Ironic Rob Thomas is mentioned. He followed me on twitter, so I followed him back, and then at some time later he unfollowed me– a classic Twitter ‘rug puller’ move — explains why he has many more followers than he is following — making him look “Twitter famous”.When he followed me (and I do not work at IBM) he was following about 2,500 people — now he’s only following about 500. He’s pulled the rug on 3,000 people to try and look important. https://twitter.com/robdthomas Lot of people do this I didn’t expect an IBM exec to do it.
That said, IBM seems to be in on some good new technologies like Blockchain, hybrid cloud, IoT, and of course security.They’re not the only company making moves described above. Cringley every other article you write seems to be about IBM. Is this the only company you have inside sources at? No articles on yahoo? Twitter? Google? Not much on Apple only a few articles. HP? What about Gartner — mentioned above — the mafia of IT ?
Analytics, 1. You need to be able to identify the data, 2. Store and catalog the data, 3. Create the maps so the data being acquired can be correctly fed into the system and analyze to produce the future model.
This is where machines are lacking, forming that bridge of valid data collection versus irrelevant meaningless data. The idea of throwing all the data into a bucket and wah la out spits the answer is where IBM has failed.
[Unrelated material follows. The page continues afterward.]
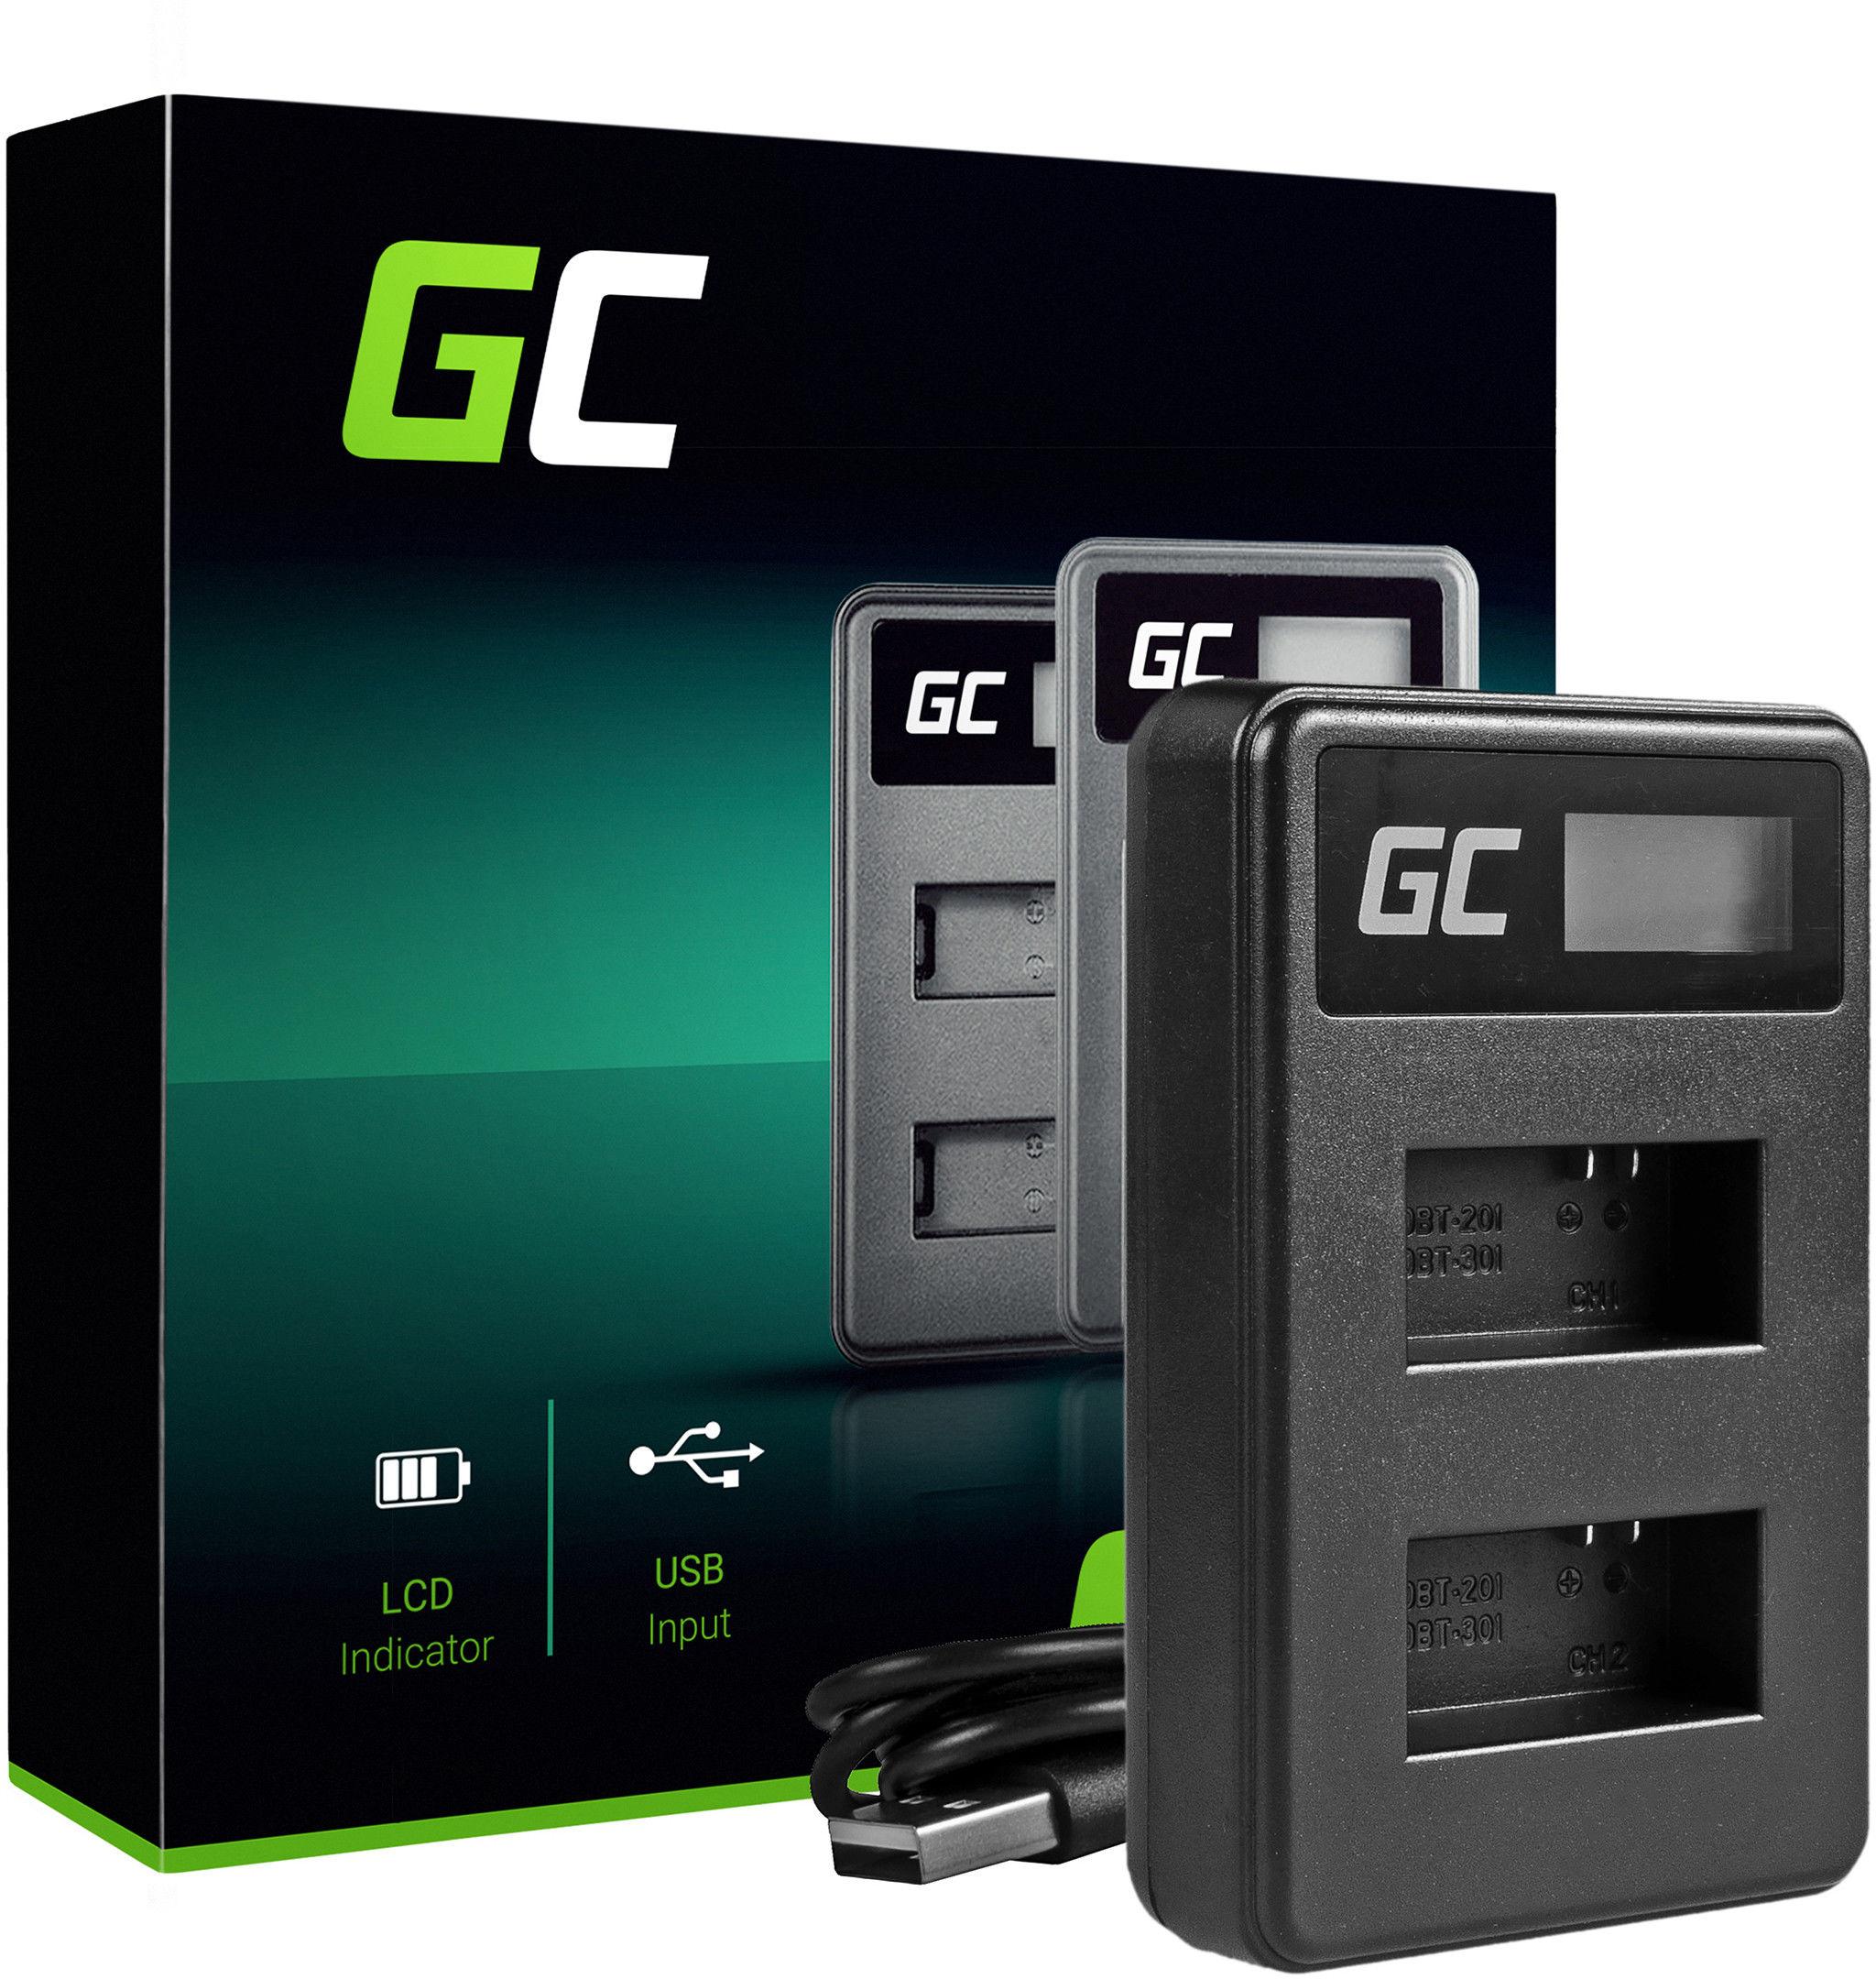 Ładowarka AHDBT-201 AHBBP-301 Green Cell  do GoPro HD HERO 3 CHDHX Black Silver White Edition (4.2V 2.5W 0.6A)

Second IBM failed in its true identity years ago when management started making more than their top technical staff. It was not unusual for top rated staff making more than their management chain in the early Watson years. Matter of fact it is the core issue for most US based companies, management seems to thing their job is more difficult than the high end engineer developing the next generation of products.
Of course they can just scan all the great PH.D. Notes and feed into Watson and wah la they have the answer.
Alas, Craig, that’s exactly what they think.
Agreed. If you go to any quarterly internal meeting at a major IT corporation, listen for mention of the engineers/grunts. That will let you know of the importance to engineering or end services in a business.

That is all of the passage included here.